4 August 2016, by Clare Bailey

With a robust occupational market and the possibility of increased 'north-shoring' to fuel demand, Manchester still has a lot to offer investors and occupiers

 

Local economy

■  As with all major cities in the UK, the Manchester office market has entered a period of considerable uncertainty as the effects of the EU referendum unwinds within the UK office markets. With the outcome of the referendum now firmly sinking in, what does the result hold for the future of Manchester's office market?

■  Certainly at this point in time, the consequence of the vote on the UK economy is difficult to call and will only be evident over time. However, since the referendum result the Manchester occupational market has, to date, not witnessed any dramatic changes in market sentiment or feeling.

■  Arguably it is too early to draw any conclusions as to the impact of 'Brexit' but activity over the last few weeks is encouraging.
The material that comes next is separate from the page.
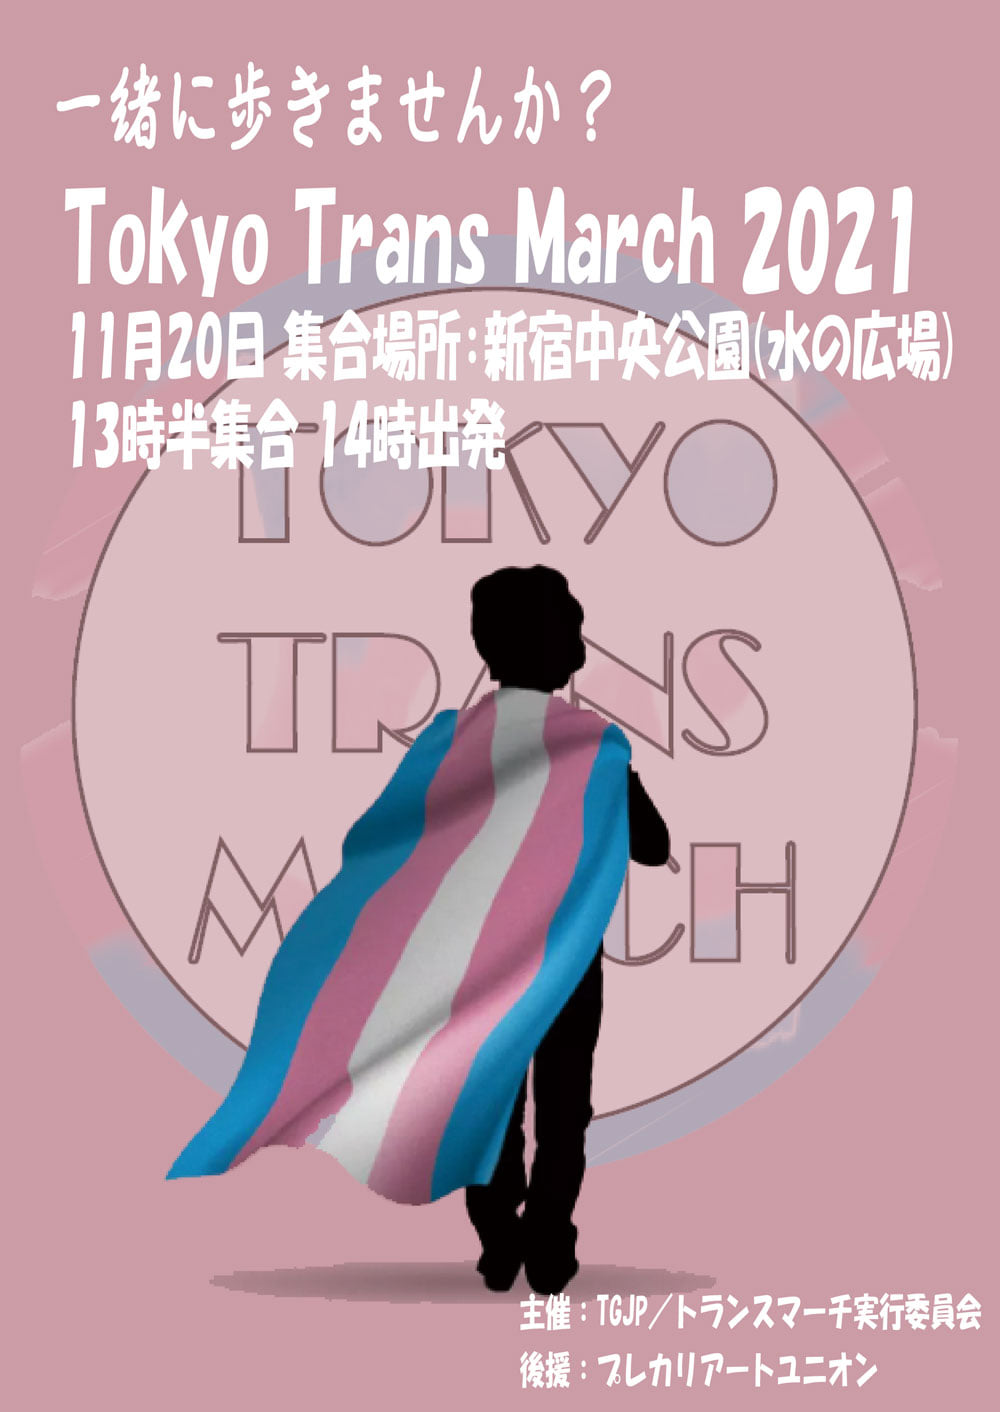 Tokyo Trans March November 20, 2021

Unlike the London market, where annual recorded take-up has oscillated significantly over the past five years, annual take-up in Manchester has been relatively stable and we expect this to put the city in a good position going forward.

GRAPH 1

Take-up remains robust

 
Graph 1

Source: Savills Research

■  New Prime Minister Theresa May has indicated her intention to "bring the country together", which could suggest developing further infrastructure in order to deliver the 'Northern Powerhouse'.

■  Greater Manchester will also start to enjoy further financial autonomy to control its own spending after the Greater Manchester mayoral election takes place on 4th May 2017.

■  Manchester is expected to drive economic growth in the North West and Oxford Economics expect Manchester to see faster GDP growth than any of the other UK regional cities over the next five years.

■  Going forward, even taking into account current uncertainty, office GDP growth of 12.7% is expected over the next five years, which is above the UK average of 12%.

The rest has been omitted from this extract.